Remix clone Hacker News

new | show | ask | jobs Github

	▲	lambda 2 hours ago
		I'm running Fedora Silverblue as my host OS, this is the kernel: `$ uname -a Linux fedora 6.18.9-200.fc43.x86_64 #1 SMP PREEMPT_DYNAMIC Fri Feb 6 21:43:09 UTC 2026 x86_64 GNU/Linux` You also need to set a few kernel command line paramters to set it up to allow it to use most of your memory as graphics memory, I have the following in my kernel command line, those are each 110 GiB expressed in number of pages (I figure leaving 18 GiB or so for CPU memory is probably a good idea): `ttm.pages_limit=28835840 ttm.page_pool_size=28835840` Then I'm running llama.cpp in the official llama.cpp Docker containers.

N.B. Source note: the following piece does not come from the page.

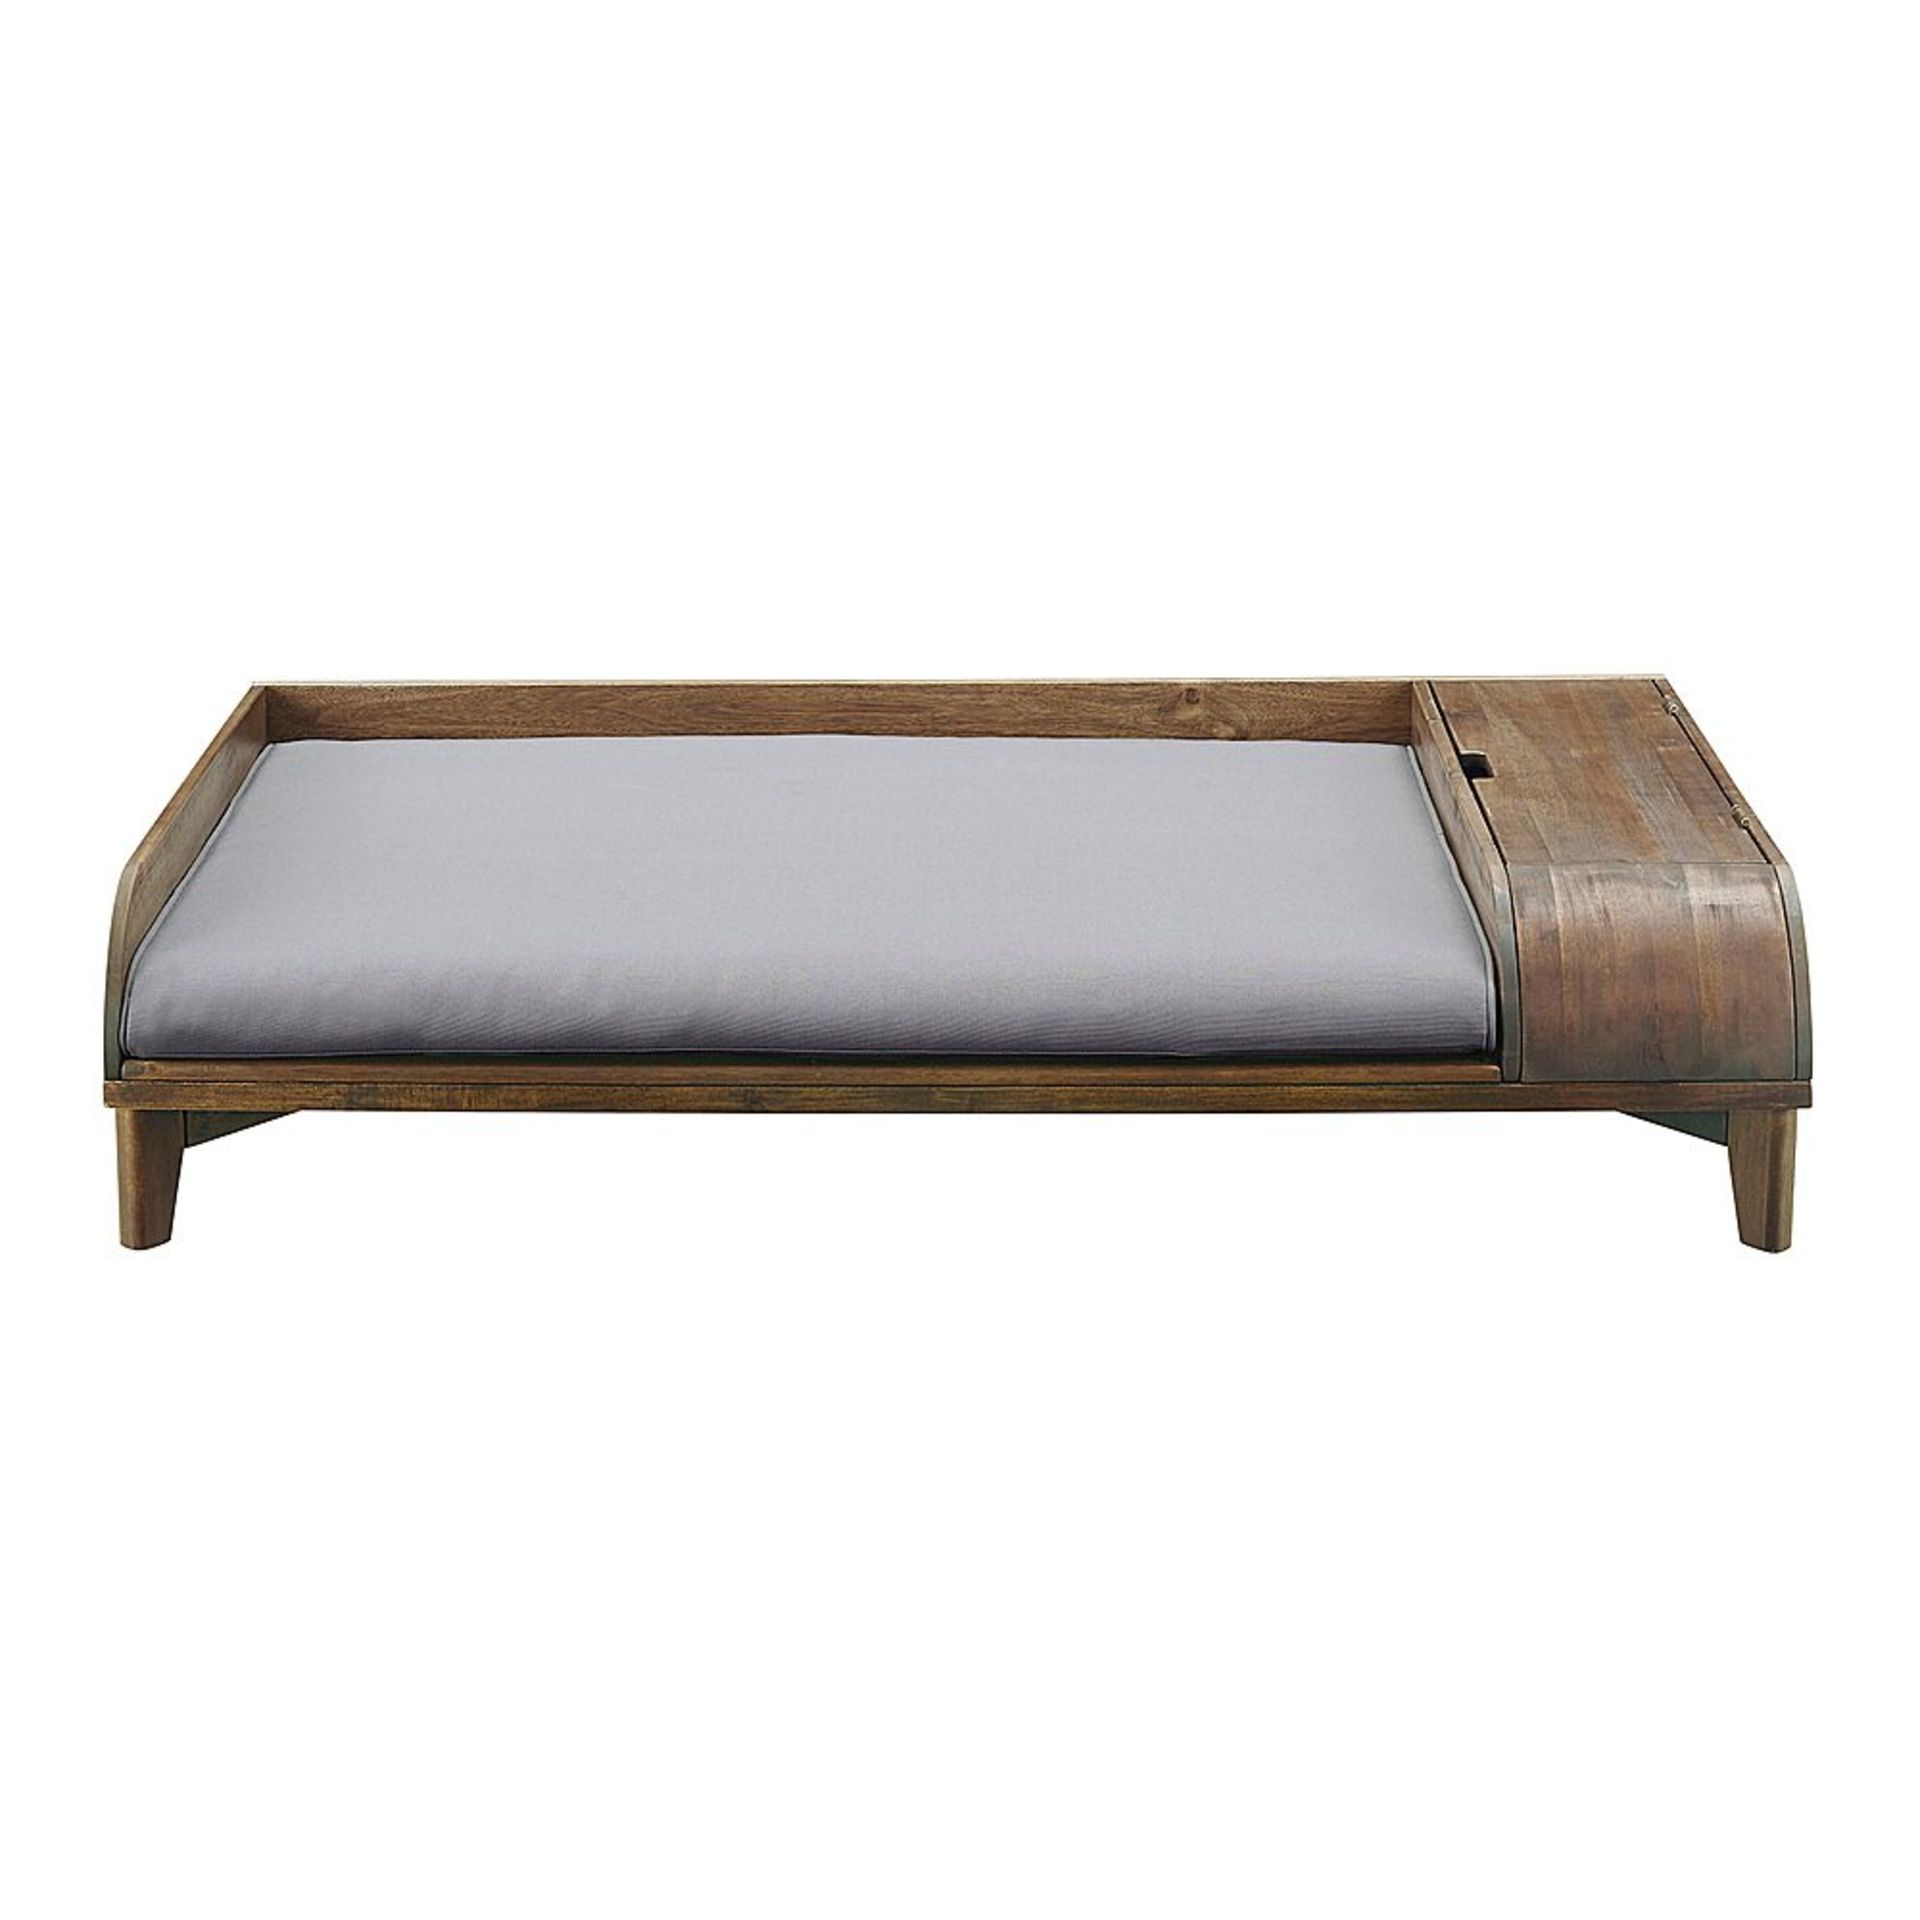 SOLID WOOD STORAGE PED BED WITH CUSHION IN DARK BROWN/GREY - RRP £245 - Image 5 of 7

The Vulkan one works out of the box. I had to build the container myself for ROCm, the llama.cpp container has ROCm 7.0 but I need 7.2 to be compatible with my kernel. I haven't actually compared the speed directly between Vulkan and ROCm yet, I'm pretty much at the point where I've just gotten everything working. In a checkout of the llama.cpp repo: `podman build -t llama.cpp-rocm7.2 -f .devops/rocm.Dockerfile --build-arg ROCM_VERSION=7.2 --build-arg ROCM_DOCKER_ARCH='gfx1151' .` Then I run the container with something like: `podman run -p 8080:8080 --device /dev/kfd --device /dev/dri --security-opt seccomp=unconfined --security-opt label=disable --rm -it -v ~/.cache/llama.cpp/:/root/.cache/llama.cpp/ -v ./unsloth:/app/unsloth llama.cpp-rocm7.2 --model unsloth/MiniMax-M2.5-GGUF/UD-Q3_K_XL/MiniMax-M2.5-UD-Q3_K_XL-00001-of-00004.gguf --jinja --ctx-size 16384 --seed 3407 --temp 1.0 --top-p 0.95 --min-p 0.01 --top-k 40 --port 8080 --host 0.0.0.0 -dio` Still getting my setup dialed in, but this is working for now. Edit: Oh, yeah, you had asked about Qwen3 Coder Next. That command was: `podman run -p 8080:8080 --device /dev/kfd --device /dev/dri --security-opt seccomp=unconfined --security-opt label=disable \ --rm -it -v ~/.cache/llama.cpp/:/root/.cache/llama.cpp/ -v ./unsloth:/app/unsloth llama.cpp-rocm7.2 -hf unsloth/Qwen3-Coder-Next-GGUF:UD-Q6_K_XL \ --jinja --ctx-size 262144 --seed 3407 --temp 1.0 --top-p 0.95 --min-p 0.01 --top-k 40 --port 8080 --host 0.0.0.0 -dio` (as mentioned, still just getting this set up so I've been moving around between using `-hf` to pull directly from HuggingFace vs. using `uvx hf download` in advance, sorry that these commands are a bit messy, the problem with using `-hf` in llama.cpp is that you'll sometimes get surprise updates where it has to download many gigabytes before starting up)